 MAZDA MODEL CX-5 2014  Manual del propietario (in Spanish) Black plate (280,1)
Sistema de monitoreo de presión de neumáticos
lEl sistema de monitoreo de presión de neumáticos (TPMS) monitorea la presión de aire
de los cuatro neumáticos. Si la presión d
★ ★ ★ ★ ★
Task description –
Show each line from the material above where the string "monitoreo" can be found.

Expected answer –
Sistema de monitoreo de presión de neumáticos
lEl sistema de monitoreo de presión de neumáticos (TPMS) monitorea la presión de aire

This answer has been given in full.